8-K/A Tsay Committees




 
 
UNITED STATES
SECURITIES AND EXCHANGE COMMISSION
WASHINGTON, D.C. 20549
 
FORM 8-K/A
(Amendment No. 1)
 
CURRENT REPORT
PURSUANT TO SECTION 13 OR 15(D) OF THE
SECURITIES EXCHANGE ACT OF 1934
 
Date of report (Date of earliest event reported):
February 12, 2015
 
Rosetta Stone Inc.
(Exact name of registrant as specified in its charter)
 
Delaware
 
001-34283
 
043837082
(State or Other Jurisdiction
of Incorporation)
 
(Commission File Number)
 
(IRS Employer
Identification Number)
 
1919 North Lynn St., 7th Fl., Arlington, Virginia 22209
(Address of principal executive offices, including zip code)
 
703-387-5800
(Registrant’s telephone number, including area code)
 
N/A
(Former name or former address, if changed since last report)
 
Check the appropriate box below if the Form 8-K filing is intended to simultaneously satisfy the filing obligation of the registrant under any of the following provisions (see General Instruction A.2. below):
 
o           Written communications pursuant to Rule 425 under the Securities Act (17 CFR 230.425)
 
o           Soliciting material pursuant to Rule 14a-12 under the Exchange Act (17 CFR 240.14a-12)
 
o           Pre-commencement communications pursuant to Rule 14d-2(b) under the Exchange Act (17 CFR 240.14d-2(b))
 
o           Pre-commencement communications pursuant to Rule 13e-4(c) under the Exchange Act (17 CFR 240.13e-4(c))

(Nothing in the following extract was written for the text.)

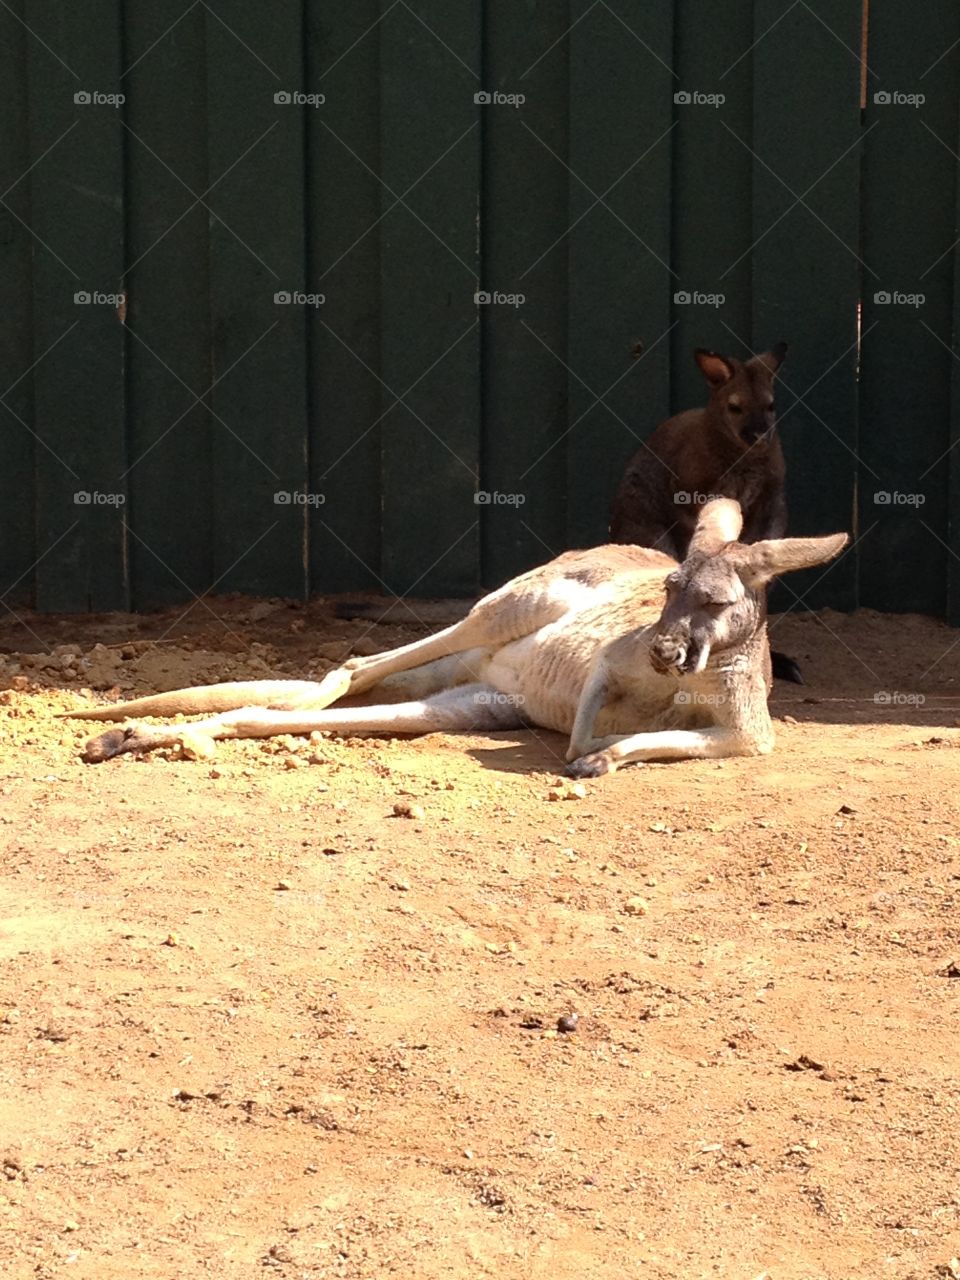 Kangaroo relaxing
Lounging kangaroo

Item 5.02.                     Departure of Directors or Certain Officers; Election of Directors; Appointment of Certain Officers; Compensatory Arrangements of Certain Officers.
 
(d)  This Amendment No. 1 to Current Report on Form 8-K (the "Amendment") amends the Current Report on Form 8-K of Rosetta Stone Inc. (the "Company") filed with the U.S. Securities and Exchange Commission on December 19, 2014 relating to the appointment of Caroline J. Tsay to the Company's Board of Directors. At the time of her appointment, no determination had been made regarding committees of the Board on which Ms. Tsay would serve. This Amendment is being filed to report Ms. Tsay's committee assignments.




 
On February 12, 2015, the Board appointed Ms. Tsay to each of the Compensation Committee, Corporate Governance and Nominating Committee and the Product & Technology Committee, a committee formed by the Board of Directors in November 2014. Following Ms. Tsay's appointment, the members of the Compensation Committee are Laura L. Witt (Chair), James P. Bankoff, Patrick W. Gross, A. John Hass, Marguerite W. Kondracke and Caroline J. Tsay; the members of the Corporate Governance and Nominating Committee are Patrick W. Gross (Chair), James P. Bankoff, Laurence Franklin, Marguerite W. Kondracke, Caroline J. Tsay, Laura L. Witt and Steven P. Yankovich; and the members of the Product & Technology Committee are James P. Bankoff (Chair), Patrick W. Gross, Caroline J. Tsay, Laura L. Witt and Steven P. Yankovich.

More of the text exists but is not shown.